The History of Crime Mapping and Its Use by American Police Departments


     In an article published in 2006 in the Alaska Justice Forum, Sharon Chamard discusses the history of crime mapping, the advantages and disadvantages of computerized crime mapping, and the decreasing number of police departments that are conducting crime mapping analysis.

     Crime mapping can trace its origins back to 1829 France, when Adriano Balbi and Andre Michel Guerry created maps that showed the relationship between education levels and violent crimes. By the mid-19th century that practice had made its way over to England and Wales, where the techniques was applied to other types of crimes. In the early 1900s, the University of Chicago started using the technique for various studies. The maps that were produced could be 70 feet in length and take many hours in meticulous work to color in areas or put thousands of dots representing points of interest. Crime mapping was not widely adopted until the late 1980s, when desktop computers became widely available to police departments.
     While computers have made the use of crime mapping easier and more widely adopted, there are still issues with it. Chamard cites the learning curve of mapping software, specifically ArcView and MapInfo as an issue, especially in departments that have a relatively low number of personnel. There are also issues of integrating crime mapping into the normal department routine. A third issue is that the majority of departments using the technology for crime mapping end up using the software to create pin maps and hot spot maps, both of which are at the low end of analysis. Analysis above these levels requires some knowledge of cartography and GIS, which the majority of police departments lack.
     The last issue Chamard examines is why a large number of departments stop using this technique. A study  by Chamard from 1997 to 1999 found that of 615 departments that reported using crime mapping, 242 had stopped using it by 1999. The study found that department size was the best predictor of discontinuance.

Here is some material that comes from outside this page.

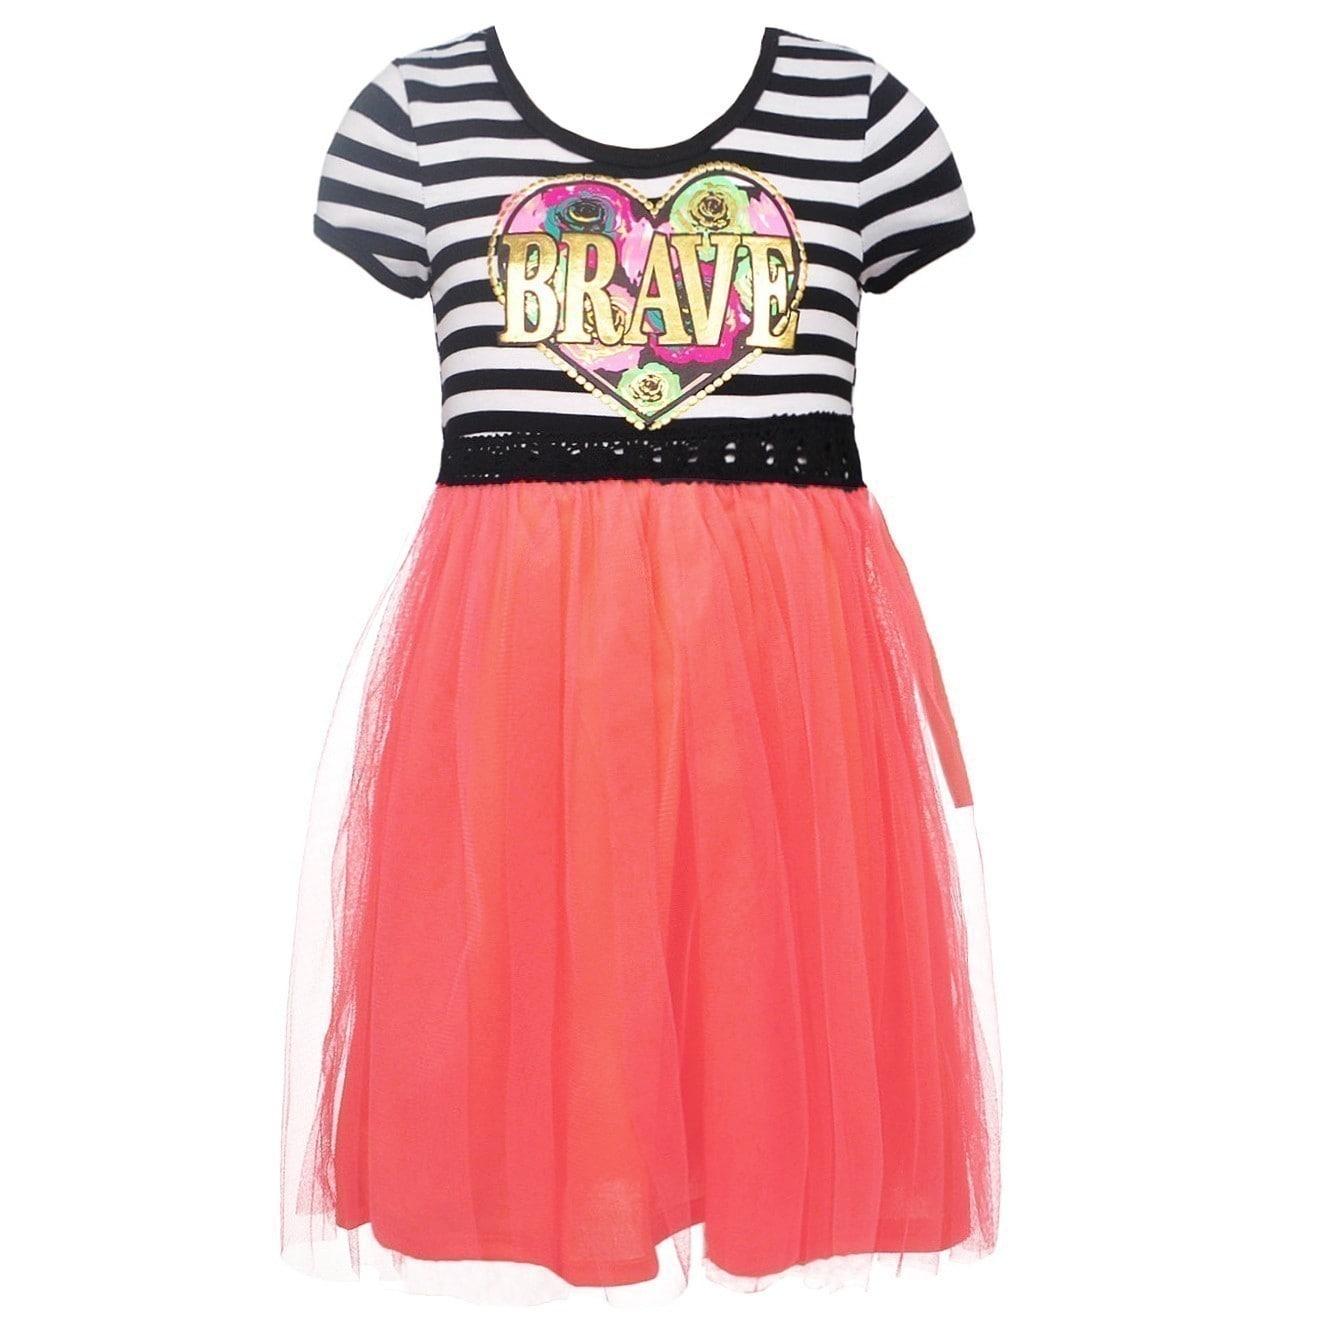 09330d6b8 Buy Girls  Dresses Online at Overstock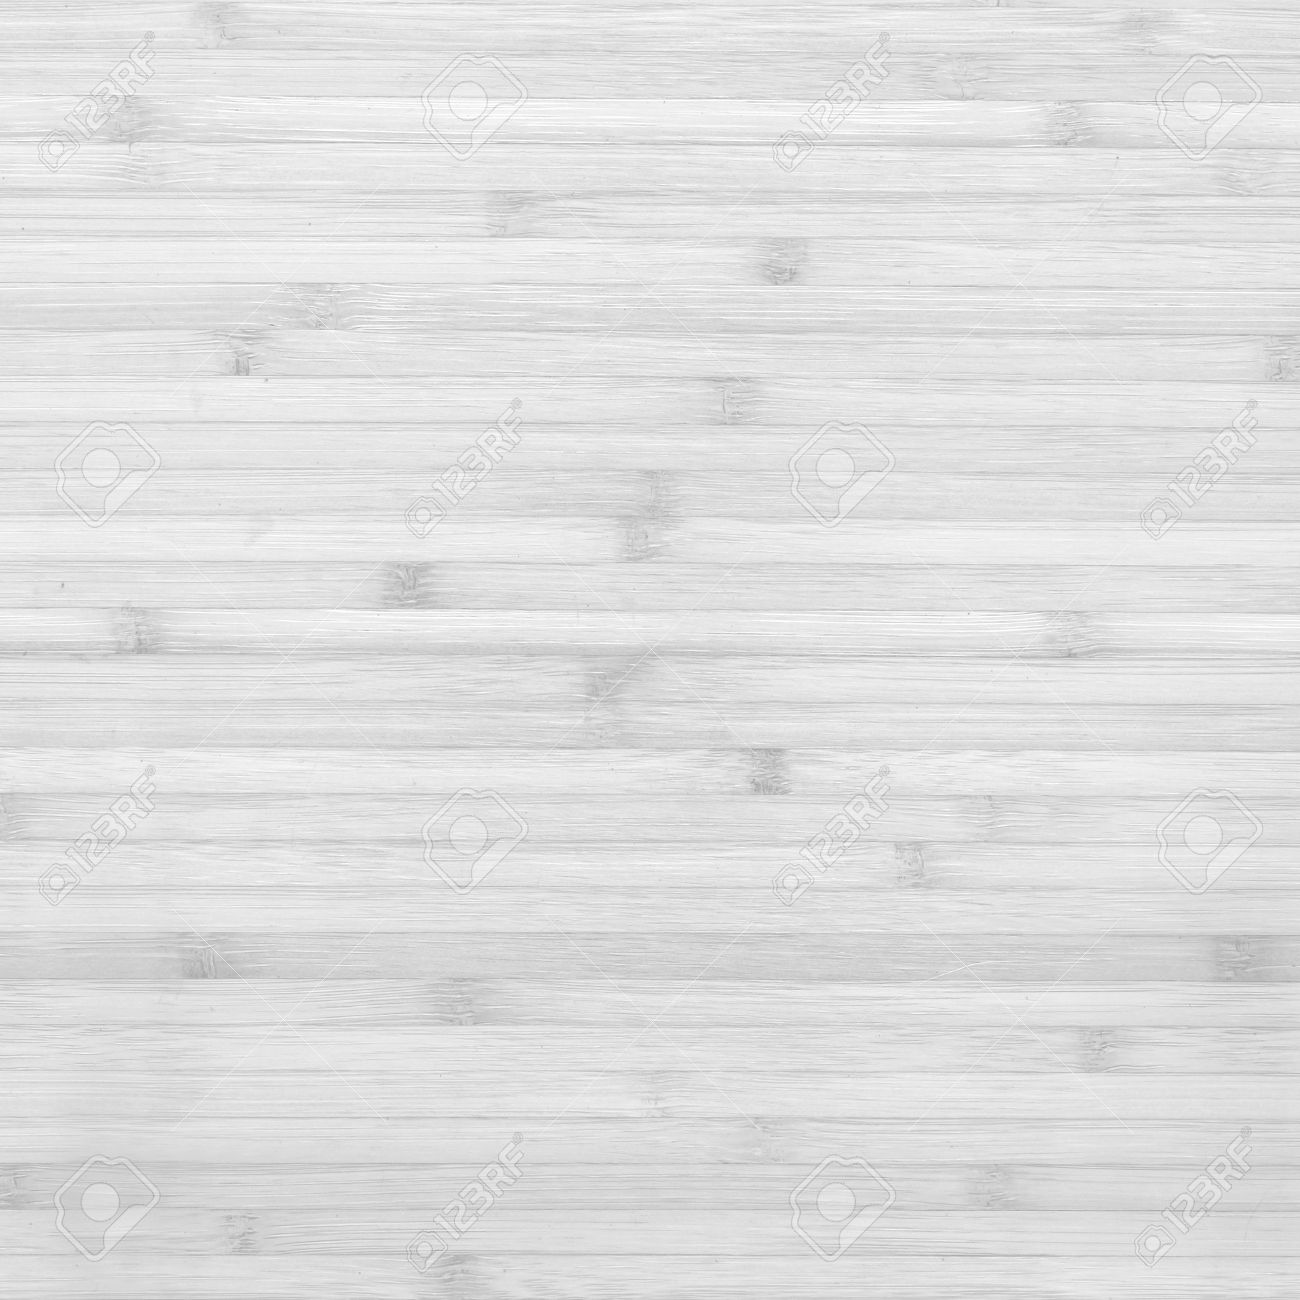 Immagini Stock Asse Di Legno Di Bambù Trama Sfondo Bianco Image

Departments with less than 250 sworn officers were much more likely to discontinue crime mapping than departments with more than 250. Issues with crime mapping that were specifically stated ranged from software issues, issues obtaining current maps, and a lack of benefit using the technique.


     The most noticeable issue with Charmden's paper is that it does not go into detail on the utility of the technique. She cites issues that departments have had in implementing crime mapping with computers, which is almost a moot point considering the alternative of utilizing the technique without computers. She also discusses interesting studies showing that a large number of departments that have used crime mapping in the past have stopped. She lists various reasons why this is happening, but she never once goes into the effectiveness of the technique. Granted that this paper is not aimed at explaining the merits of crime mapping, but it would have been helpful, especially since she hints at its use if properly used.    
     Charmden's studies of why departments have stopped utilizing the technique present two problems with crime mapping. The first is that the benefits of the technique do not seem to be fully known. This can be attributed to the learning curve of the software and the technical expertise that most departments lack. Departments with more personnel have larger budgets, meaning of they do not directly hire someone with the expertise to use the software, they can at least afford to send interested personnel to classes, giving them the technical expertise. This would also allow deeper analysis past the pin maps and hot spot maps that are commonly created. By effectively utilizing deeper analysis, the ability for crime maps to eliminate uncertainty would increase, demonstrating their usefulness.
     The second issue with crime mapping is that it might not be applicable to all departments. While the technique can be applied to cities, the same might not be said for suburban and rural areas. These areas are normally larger, with more spread out crime. These departments are also typically smaller than city departments, meaning that their resources are more limited. With more limited resources and a less centralized area, crime mapping might not be as useful or needed as with urban departments.

Charmden, S. (2006). The History of Crime Mapping and Its Use by American Police Departments. Alaska Justice Forum, 23(4), 4-8, Retrieved from                       

1 comment:

  1. Ethan, I agree with your critique. A majority of the articles I came across discussed the history of policing and the changing approach. This was relevant to the implementation of computerized crime mapping, but it did not seem to link directly to the intelligence community. There also seemed to be a limited number of articles discussing how to actually apply this method. I feel that it could be useful to identify interests to the intelligence community, such as "hot spots" not necessarily related to crime.